Video by Meat Loaf
- Released: October 15, 2007
- Recorded: March 18, 2007
- Venue: Budweiser Gardens, London, Ontario, Canada
- Genre: Hard rock, progressive rock
- Length: 2:25:00
- Label: Hip-O

Meat Loaf chronology
| Bat Out of Hell III: The Monster Is Loose (2006) | 3 Bats Live (2007) | Guilty Pleasure Tour Live in Sydney (2012) |

= 3 Bats Live =

3 Bats Live is a music DVD by rock singer Meat Loaf. Recorded on March 18, 2007 at London, Ontario during his "Seize the Night" tour, it mainly features songs from the Bat Out of Hell trilogy. The DVD was released in the UK on October 15, 2007, and in the UK on November 20, 2007.

== Track listing ==
All songs by Jim Steinman, unless otherwise noted.
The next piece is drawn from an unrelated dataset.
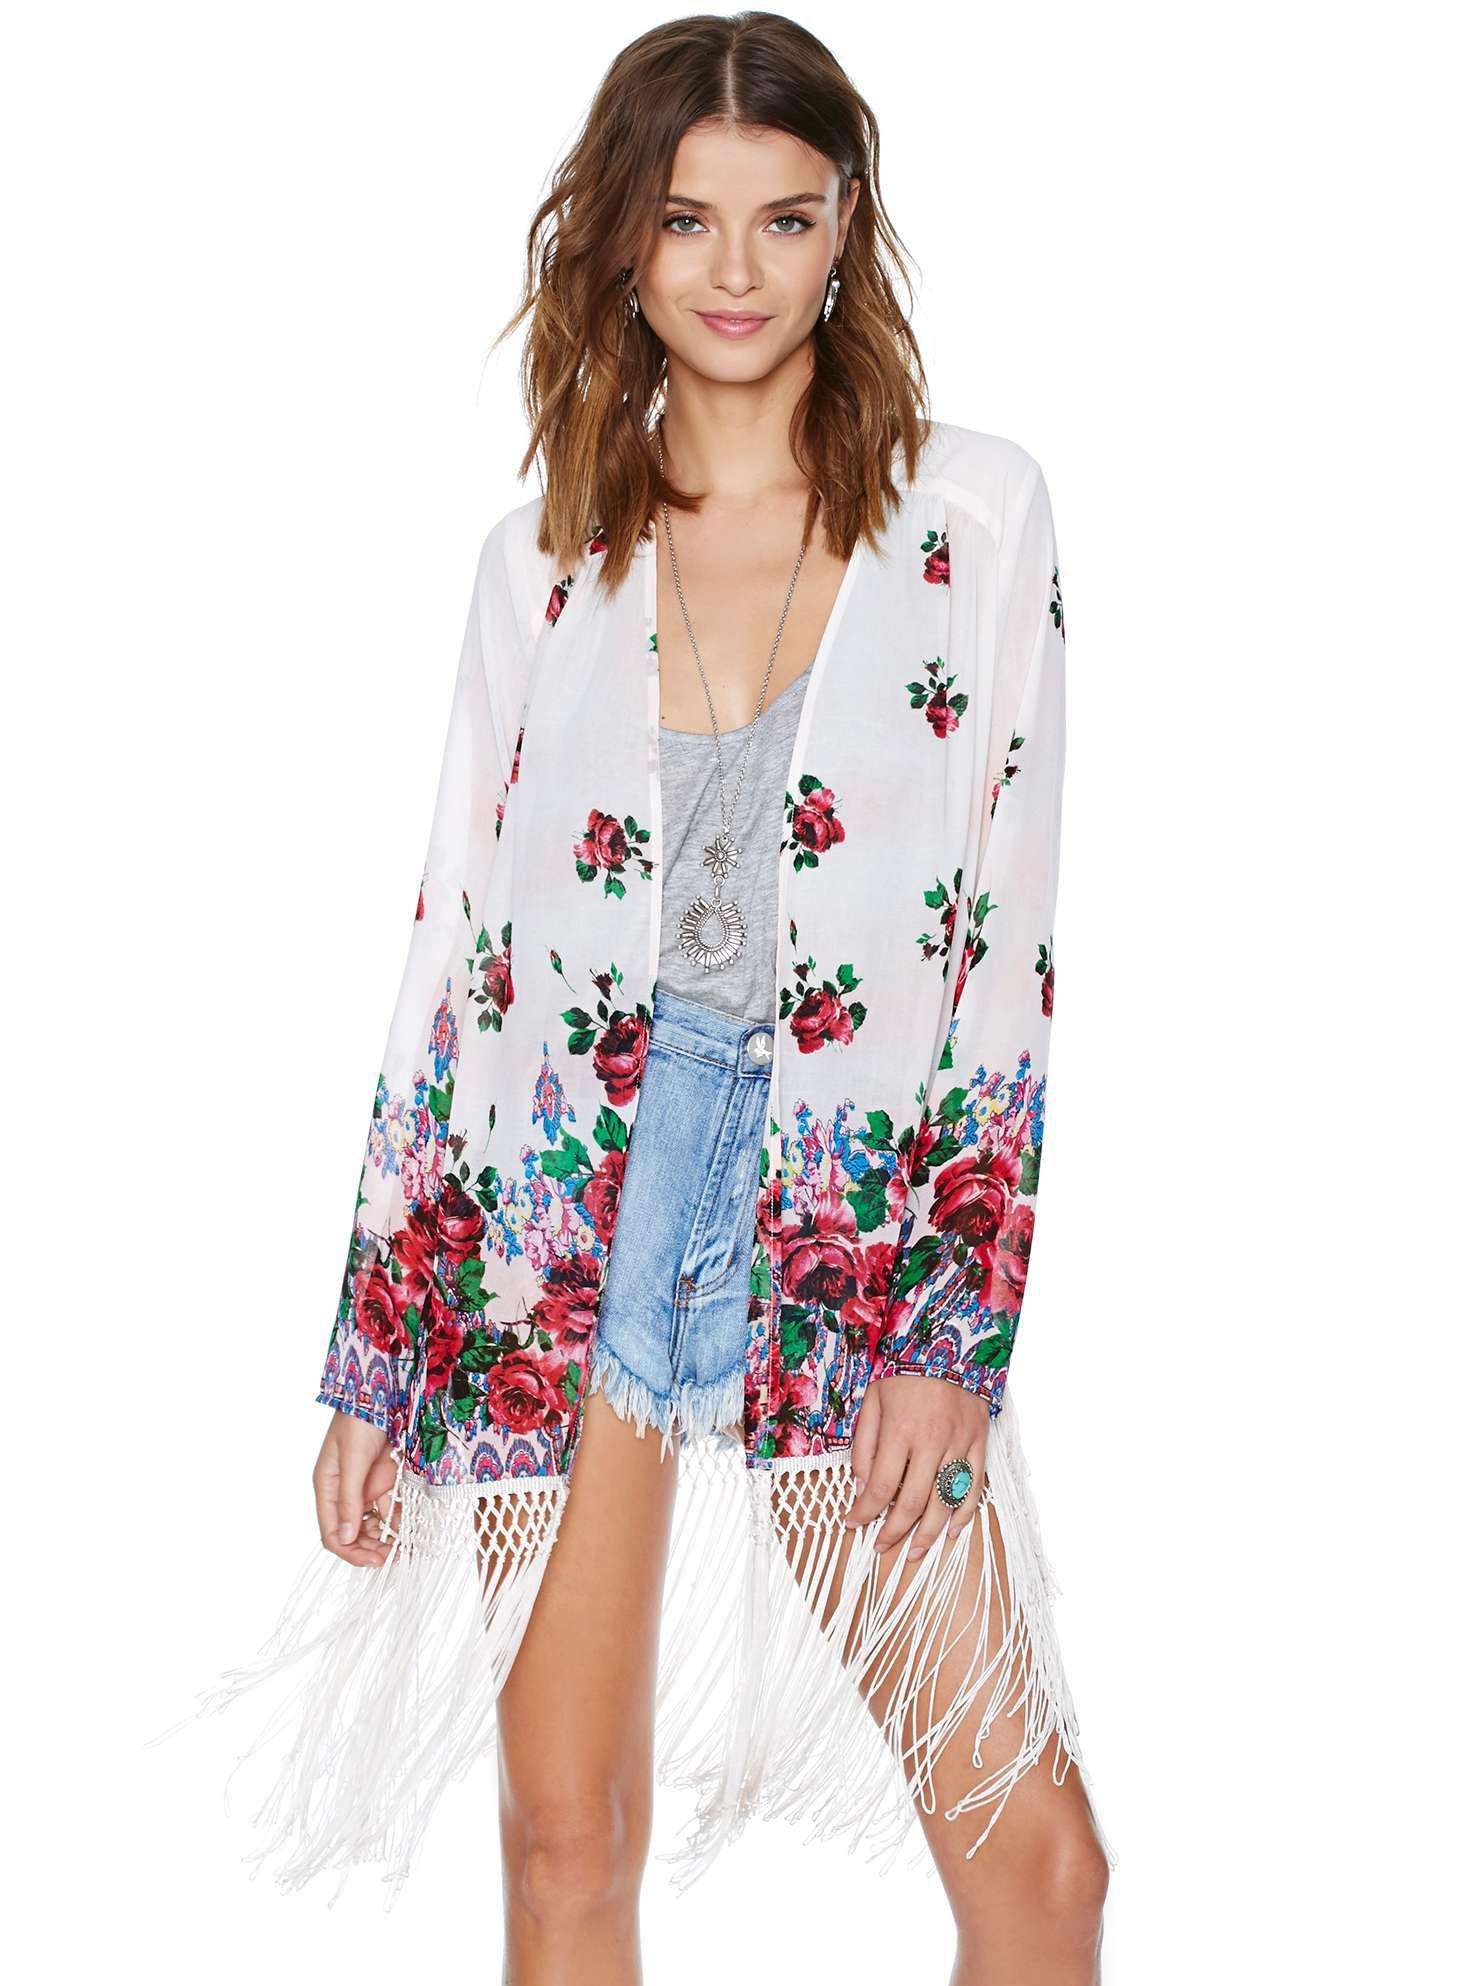 Floral Tassel Blouse | college lookbook ʕ •́؈•̀ ₎ | Pinterest ...

1. "All Revved Up with No Place to Go" (very short version)
2. "Paradise by the Dashboard Light"
3. "You Took the Words Right Out of My Mouth"
4. "Out of the Frying Pan (And Into the Fire)"
5. "Life Is a Lemon and I Want My Money Back"
6. "I'd Do Anything for Love (But I Won't Do That)"
7. "Objects in the Rear View Mirror May Appear Closer than They Are"
8. "Rock and Roll Dreams Come Through"
9. "Seize the Night" (very short version)
10. "The Monster Is Loose" (John 5/Desmond Child/Nikki Sixx)
11. "Bad for Good"
12. "If It Ain't Broke, Break It"
13. "Blind as a Bat" (Child/James Michael)
14. "Two Out of Three Ain't Bad"
15. "Bat Out of Hell"
16. "Black Betty" (Traditional)
17. "It's All Coming Back to Me Now"
18. "Mercury Blues"
19. "Gimme Shelter" (Jagger/Richards)

== Extra features ==
Extra features include the videos for "It's All Coming Back to Me Now" and "Cry Over Me", both directed by P. R. Brown. It also contains the "Monster Is Loose Animated Short Film" and "Making the Monster: Making of Bat Out of Hell III", that were included on the CD+DVD UK edition of the Bat III album. A second disc contains a ninety-minute retrospective documentary called Meat Loaf: In Search of Paradise, about preparations for the tour and its first leg.

== Other editions ==
A Limited Collectors "deluxe edition" box was also released, which includes a replica tour programme, tour poster, bat shaped sticker and guitar pick.

A Blu-ray edition was released in the United Kingdom on November 11, 2008 by Mercury UK and is also available as an import in the United States. No official US Blu-ray release has been set at this time by Hip-O or Mercury.

== Personnel ==
- Meat Loaf – lead vocals
- Kasim Sulton – bass, Vocals
- John Miceli – drums
- Mark Alexander – keyboards, vocals
- Paul Crook – guitars
- Randy Flowers – guitars, vocals
- Dave Luther – Saxophone, keyboards, vocals
- Marion Raven – guest vocals
- Aspen Miller – vocals
- "C.C." Coletti-Jablonski – vocals

==Certifications==

| Region | Certification | Certified units/sales |
| United Kingdom (BPI) | Gold | 25,000^{*} |
^{*} Sales figures based on certification alone.